The Government took up several public works like desilting and repair of Dharmambudi tank and the construction of an additional reservoir adjoining and forming a part of the Sampangi tank. The existing tanks dried up and the Government was forced to dig new tanks and lakes.
Hundreds of  weavers and loom workers of Bangalore who had sold their looms worked as labourers in Sampangi tank. Hundreds of craftsmen too sold off their implements and started working in relief works for their daily bread.
The relief works picked up when the Viceroy of India, Lord Lytton, visited Bangalore in September 1877. He reviewed the famine and drought relief works and appointed Sir Charles Elliot as Famine Commissioner to carry out relief operation more effectively.
Lord Lytton also sanctioned the work of laying of railway line between Bangalore and Mysore.
Thankfully, the drought came to an end when rains lashed Bangalore and other parts of  Mysore State in September and October. However, the relief works continued till November 1878. By then, the devastating famine had resulted in more than seven lakh deaths in Mysore State.
Today, this event is called “The Great Famine of 1876–78.” It is also called as the Southern India famine of 1876–78 or the Madras famine of 1877.
The famine began in 1876 and affected south and south west India first and then spread north and also to some regions of the Central and United provinces. The famine ultimately covered an area of 257,000 square miles (670,000 km2) and directly affected  58,500,000 people. The death toll from this famine is estimated between 5.5 million to 29 million.
Many say that the Great Famine may have been caused by an intense drought resulting in crop failure in the Deccan. Another reason is the foolish decision of Lord Lytton to export huge amounts of food grains to England at the cost of local consumption.

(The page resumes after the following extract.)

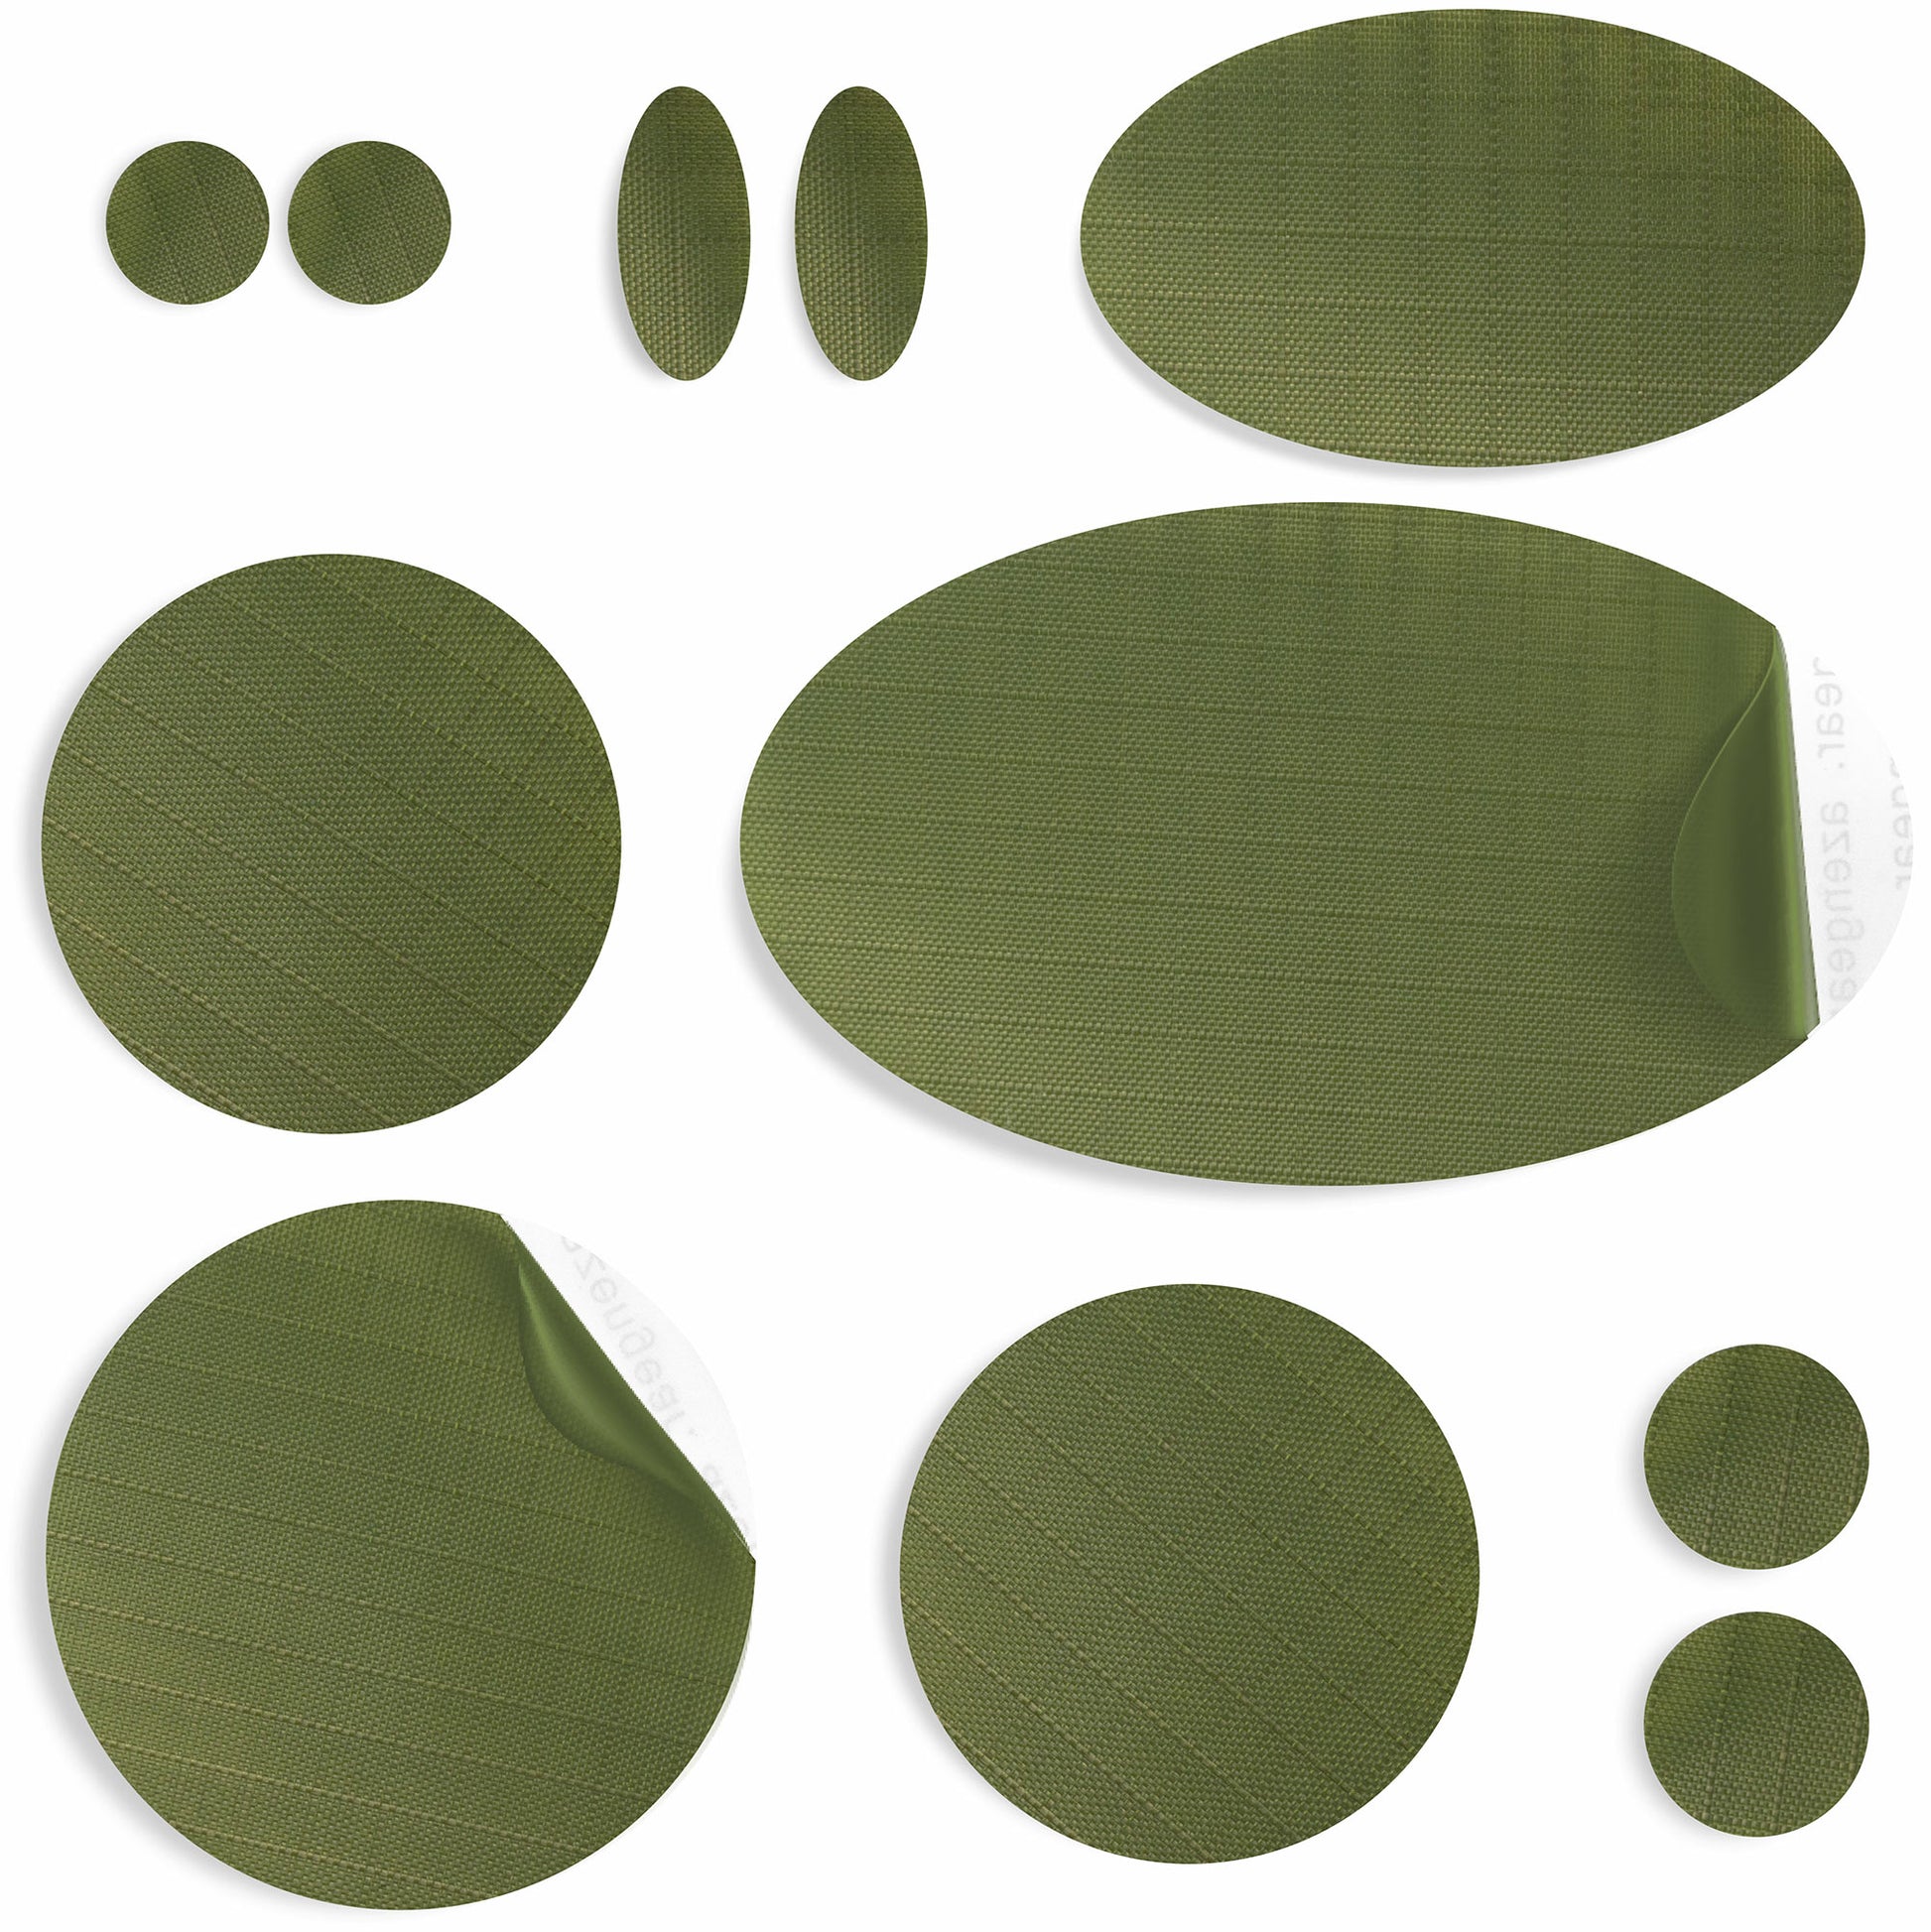 Olive Green Puffer Jacket Repair Patches | Waterproof, Pre-Cut, Self-Adhesive, Tear-Resistant (11 Pieces)

The Great Famine completely shattered the British air of superiority. They had taken over the Mysore Kingdom and in 1873-74 they were thinking a State with surplus in all fields back to the Maharaja.
Their slow response to the famine hastened the rendition or the return of power to the Maharaja apart from exposing their sham of all-round development and a State rich in coffers. The late relief measures cost the Government Rs. 140 lakhs and this was nothing compared to the losses of revenue. Moreover, the Government was forced to borrow Rs. 80 lakhs from the Government of India to tide over the financial crisis.

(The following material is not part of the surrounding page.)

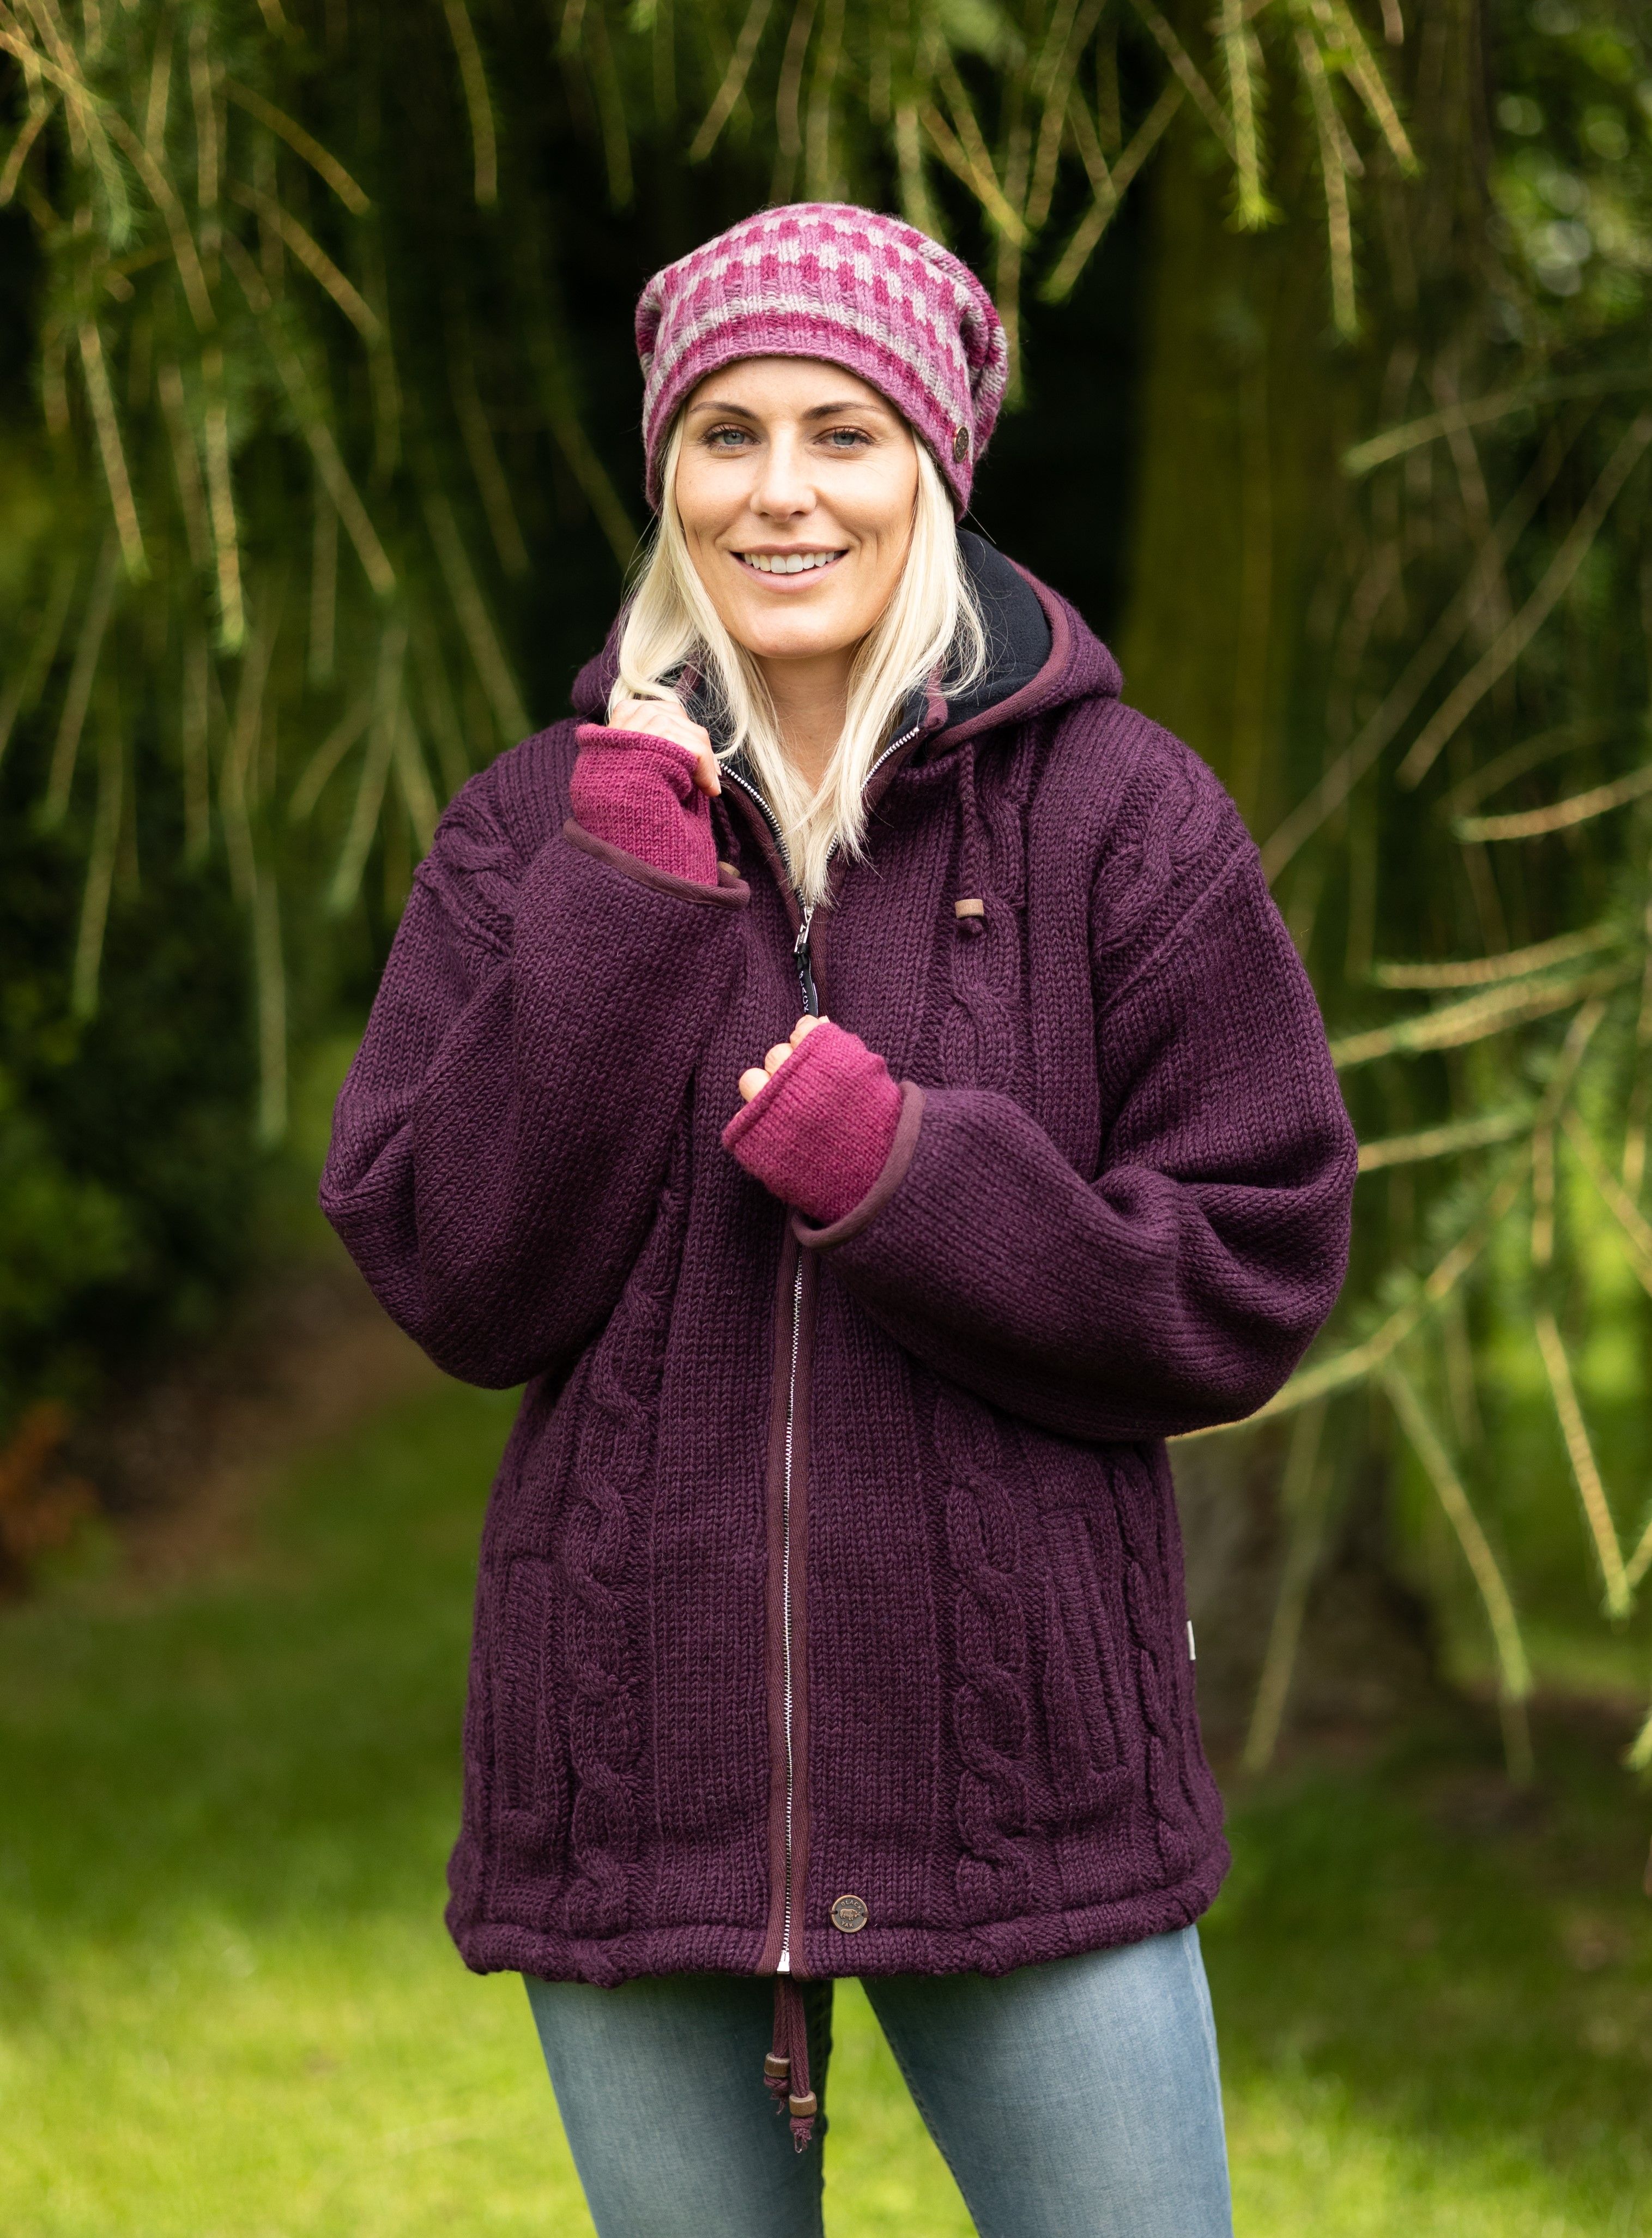 JACKETS.  Beautifully hand knit, lined pure wool jackets with detachable hoods.

The famine in the Mysore Kingdom is supposed to have left more than a lakh dead and the inadequate and half-baked measures put in place by the British officials left Lord Lytton fuming. Even, Lord Lytton, the Viceroy, despaired of the lack of proper and sustained relief measures. He as moved to write, that there was “cause for anxiety in the general administration of the State” and  that the Chief Commissioner Saunders “was not in control of  the administration.”    


1 comment:

  1. Now people talk of Organic farming.How can we produce enough food if we resort to organic farming which was the only kind of farming till 1960,s.To tide over the food scarcity we resorted to inorganic farming in the decade of 1960,s.Other wise we were depending on PL-480 of USA,which was supplying food to India till 1967-which gave famous gossip -SHIP TO MOUTH.
    It is only Green revolution augmented food reserves,and self sufficiency.Now we can tide over famines,droughts by inorganic farming.